X-Message-Number: 8511
Date: Sun, 31 Aug 1997 11:05:27 -0400
From: yvan Bozzonetti <>
Subject: Msg # 8504 on LN2 and uploading

In message #8503 Thomas Donaldson said:

>To Yvan:
>
>I don't understand your claim that LN2 is toxic. Cells have been preserved
in
>LN2 for decades and revived afterwards.
>
Yes LN2 is corrosive on a long time basis. Cells have been preserved at LN2
temperature, not in direct contact with LN2. Cell samples are most often
put in glass tubes for that purpose.

>If you keep something at CO2 temperature it does still deteriorate. If you

>vitrify it (using some cryoprotectant as yet unknown) CO2 temperature
might
>work.

OK
      

>Finally, about "uploading". If the "uploading" means basically the storage
of
>information, I have no metaphysical problems about uploading. However I'd
add
>that if you want a difficult problem in 1997 practice the problem of
uploading
>looks far harder than vitrification. 

That may well be true, but the objective are different. That is why I am
interested in  uploading and at the same time be a PP pledger.
Vitrification is a solution to get reversible cryonics for would be patient
taken in the best possible cases. Uploading is an outdoor for current
patients and comming ones storred in bad environments. Well, we must first
perfect the simplest way, that is vitrification, but we must think too 
about getting back current patients, even if this look hard and may need
some time.

>In the first place, to upload we must
>first understand how our brain works, which we don't yet do.

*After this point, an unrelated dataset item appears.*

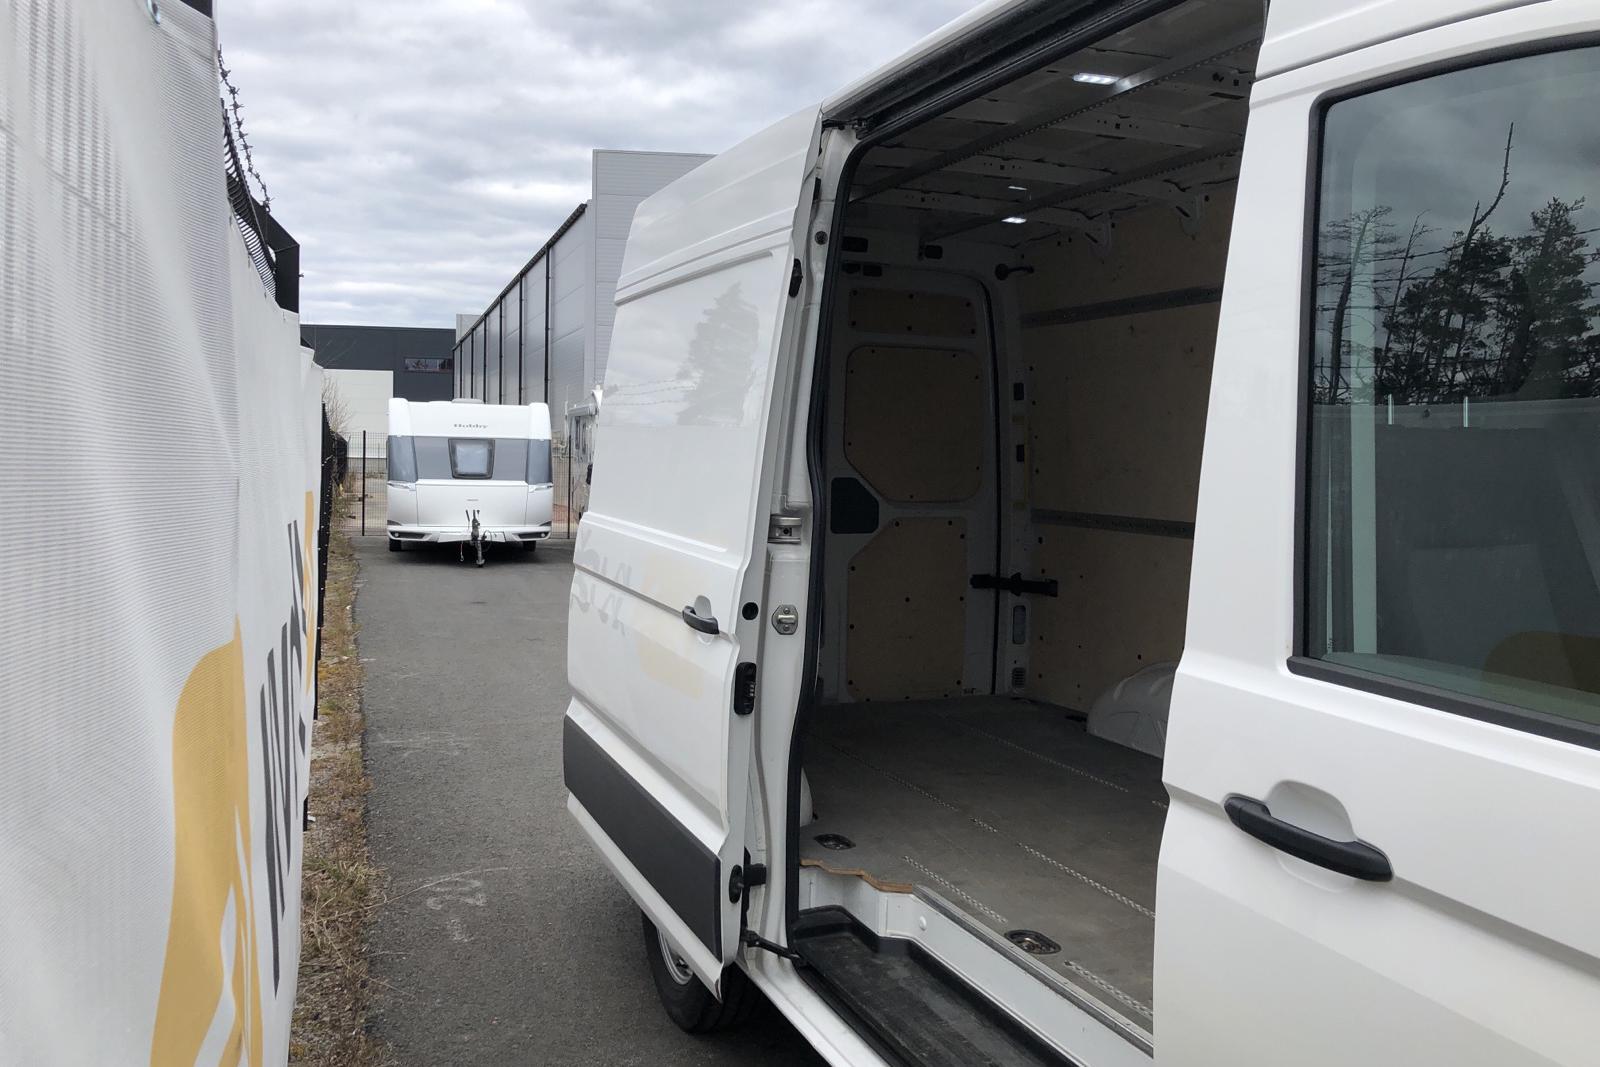 VW Crafter 35 2.0 TDI Skåp 4Motion (177hk) - 19 288 mil - Manuell - vit - 2018

I think this is not a prerequisite: we may have a computer drawing software
able to picture a brain at the cell level and then put in each place where
there is a neuron in the drawing a copy of a neuron simulator. We have
both, the picture soft and the neuron simulator, even if they can't run at
man brain complexity level for some time.
> Secondly, we want
>some way to upload a 3 D scan of brain structure AND chemistry on a
microscopic
>scale. Not only that, but ideally this scan must NOT be immediately
destructive,
>so that we may check it for correctness before we destroy the original
tissue.
>That's a hard physics and electronics problem.
>
There are two problems: First to get a brain picture at dendrite button
level (100 nm resolution) and second a chemical analysis at atom level near
these buttons to know the initial state of these neuroreceptors.

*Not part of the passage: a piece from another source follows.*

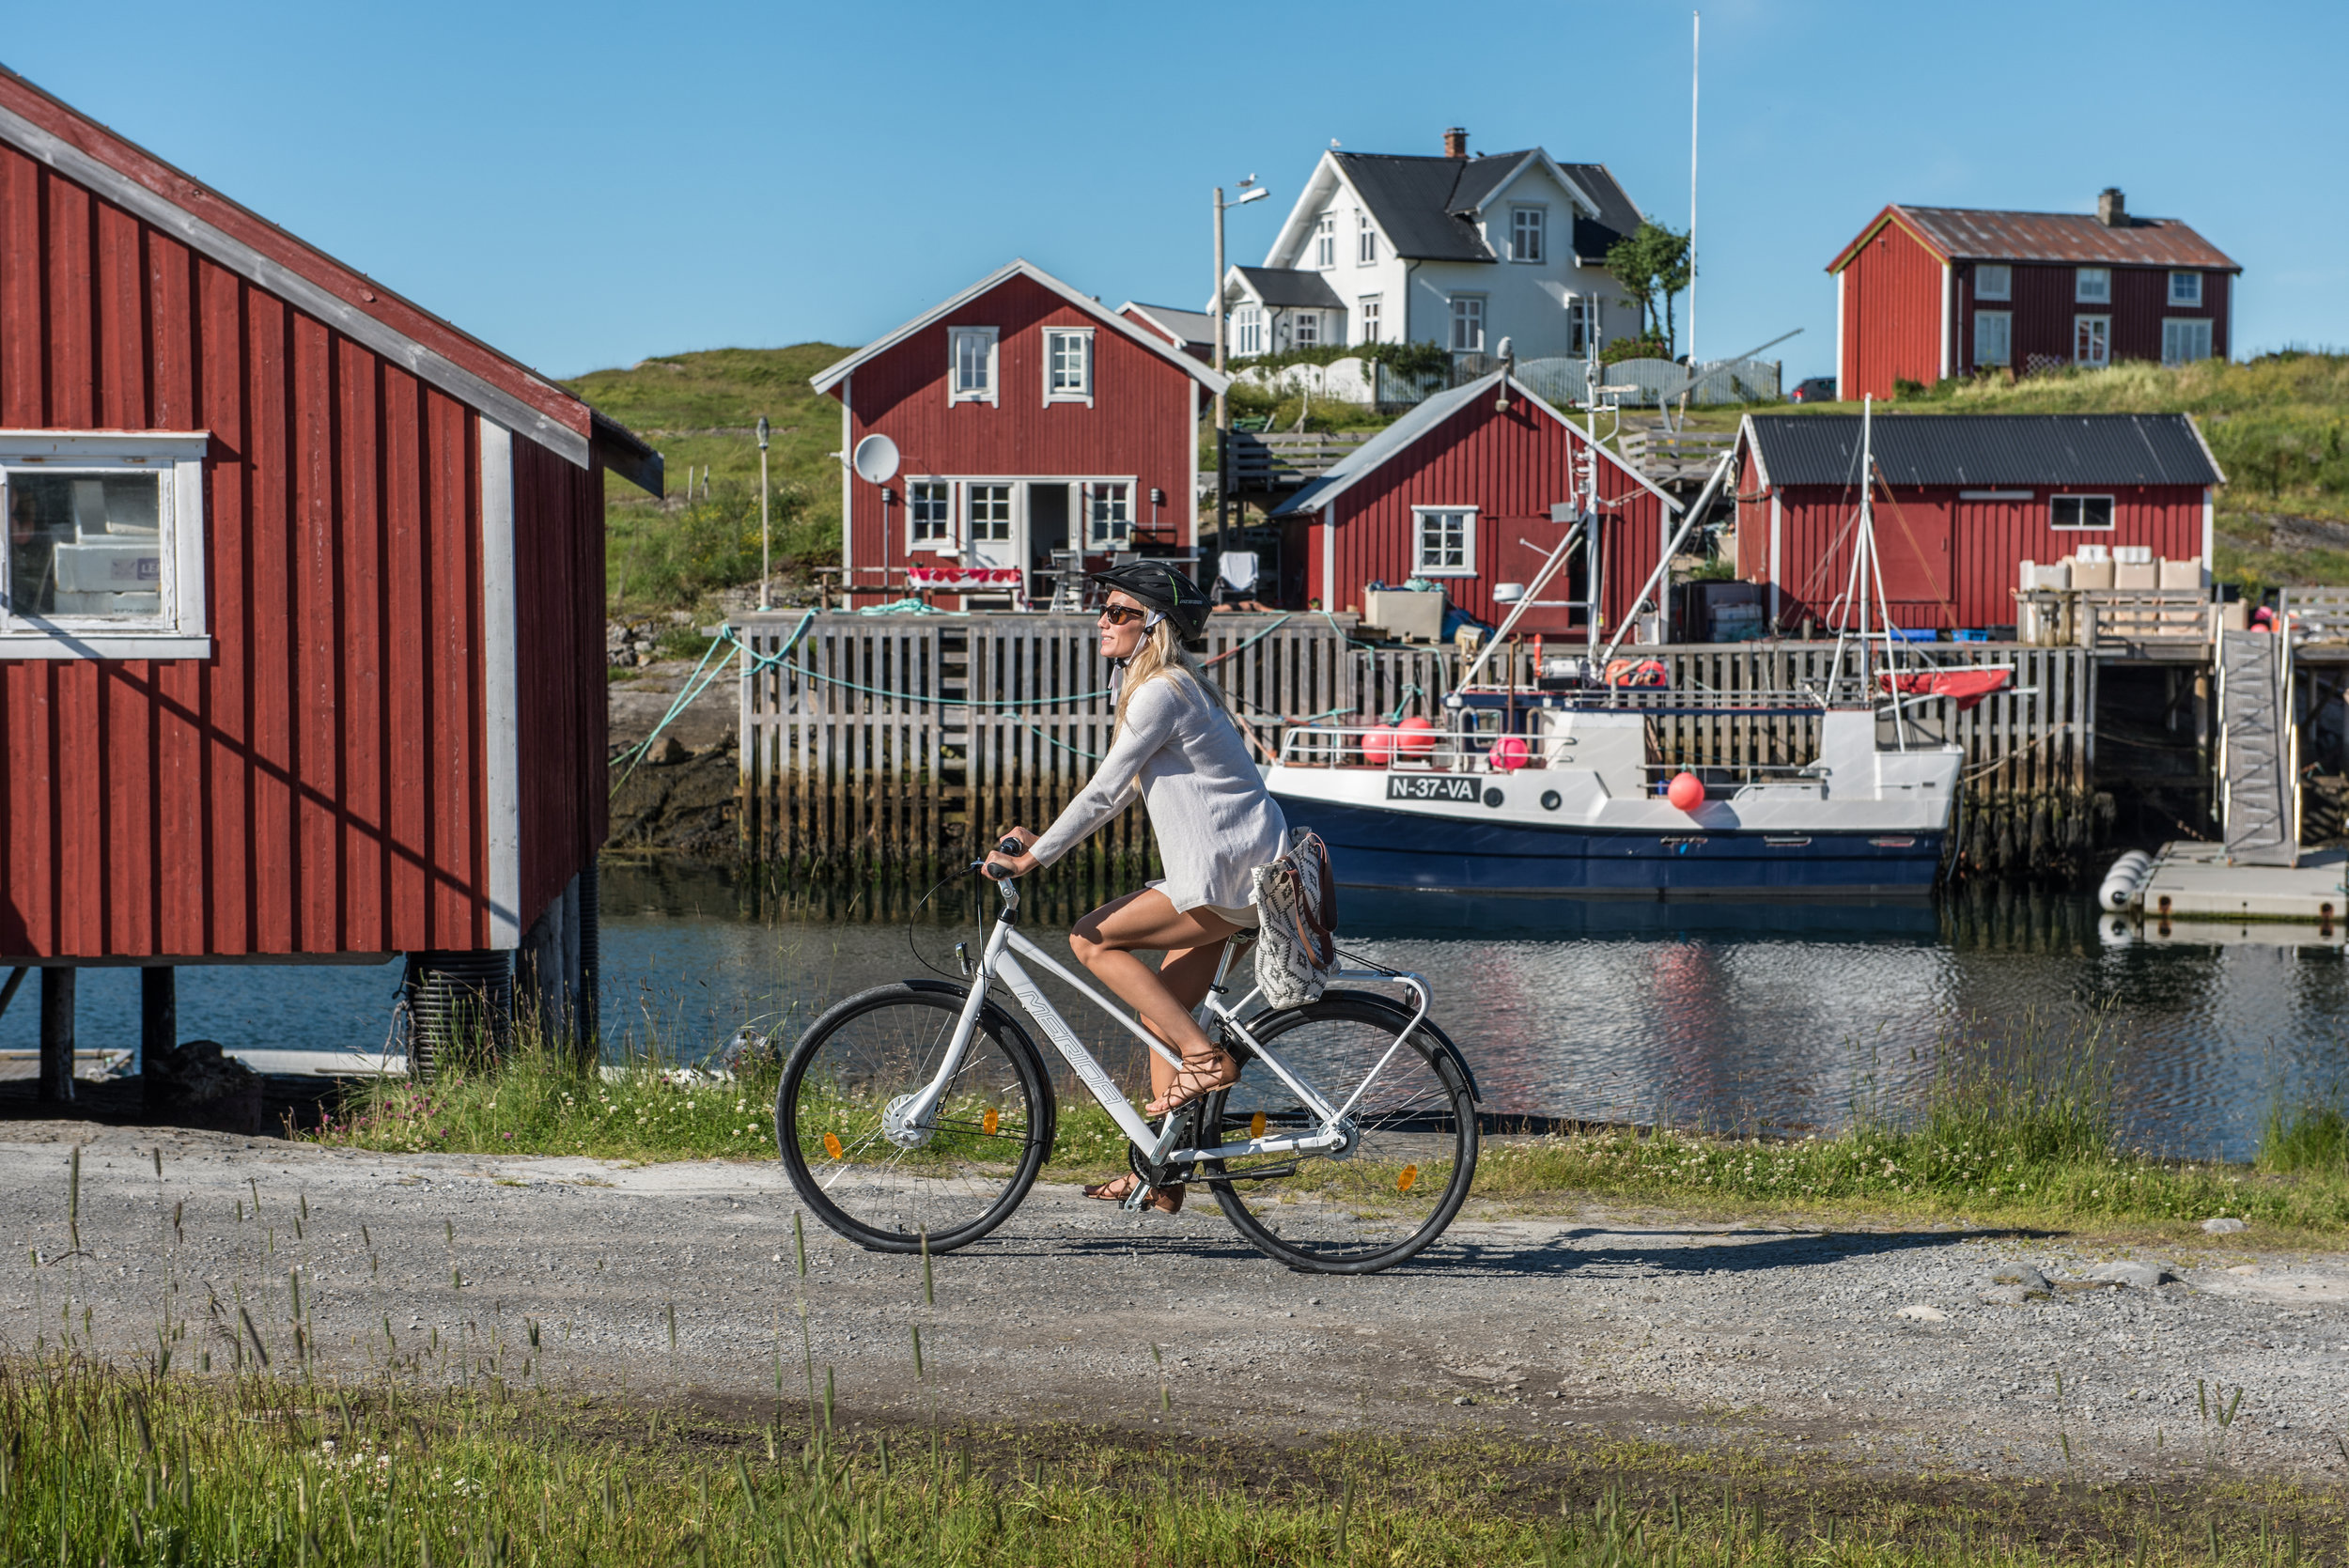 Foto: Terje Rakke/Nordic Life

For the first problem, the best option today seems to be X-ray scanning
with quantum nondemolition. This solve the radiation question.

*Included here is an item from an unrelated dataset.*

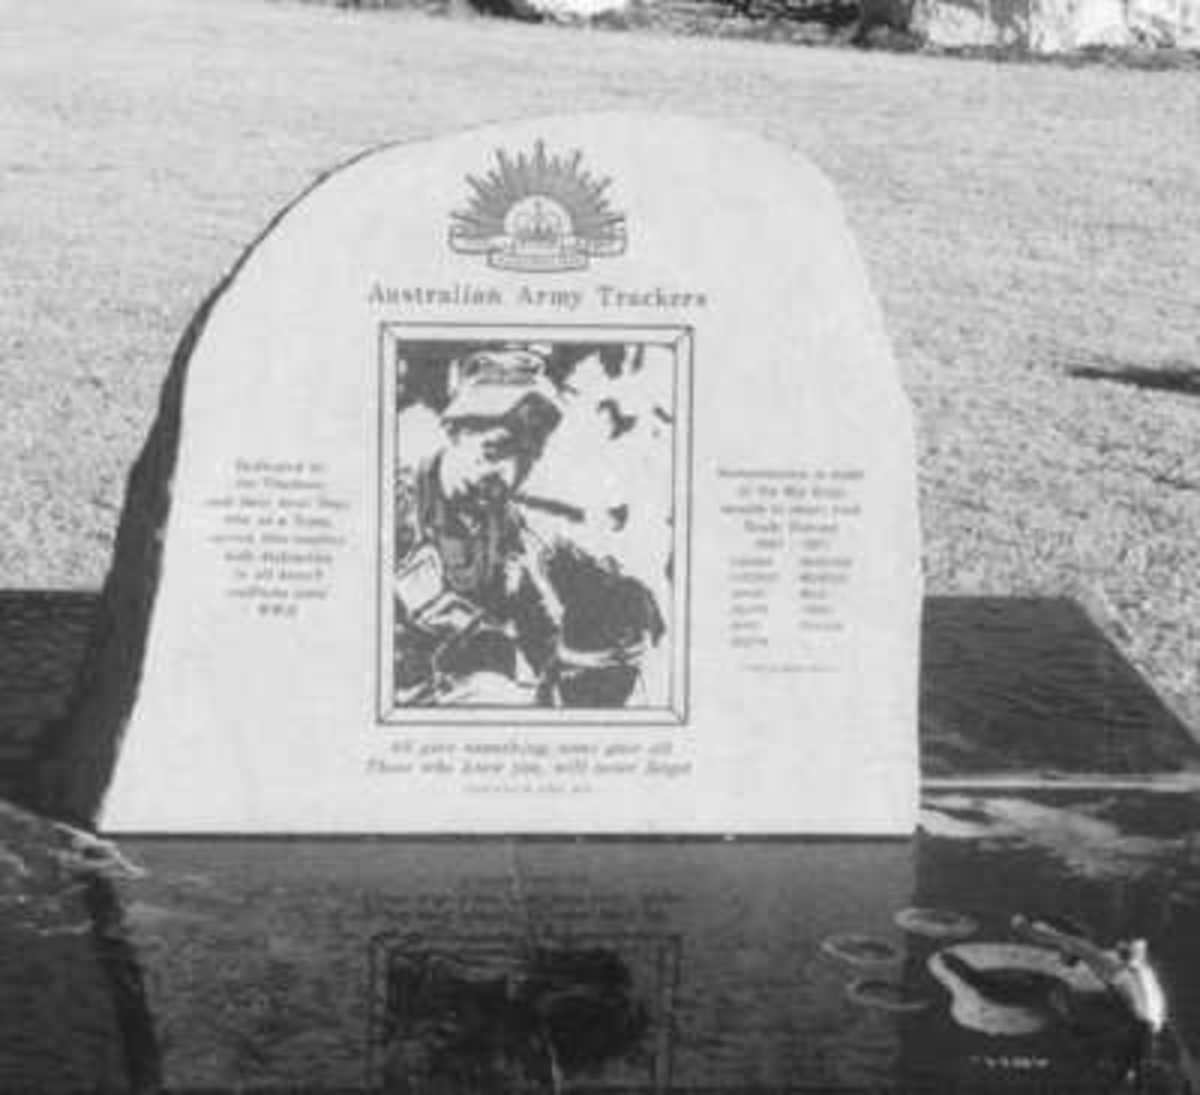 The Australian Army Trackers Memorial, Goolwa, South Australia.

The second step may use a similar scanning  limited to interesting points,
using very narrow band radiation so that a reaction with a given electronic
level in a given atom is excited.

I have discused all of that two years ago, the new matter on the subject is
about the progress on X-ray optics.

Given the progress in computer power, I think uploading could be
implemented 20 to 30 years from now, may be not wery later than reversible
cryonics.

        Yvan Bozzonetti.

Not only this, but even for those now suspended and those suspended under
poor
conditions (which you quite correctly point out will go on for some time
even
with full suspended animation possible under GOOD conditions) we are left
with
freezing as the most likely form of storage. Any improvements here will
decreasethe destruction caused by suspension and thus make revival
easier... and upload-
ing easier too, if ultimately we go that route.

Basically I think "uploading" is too often just a copout, and would
challenge
anyone who proposes it to explain just how to do it. NOW. We do have ideas
on
how to improve our freezing methods. Those who favor uploading as a
strategy
for 1997 should provide their own ideas as to how to do it.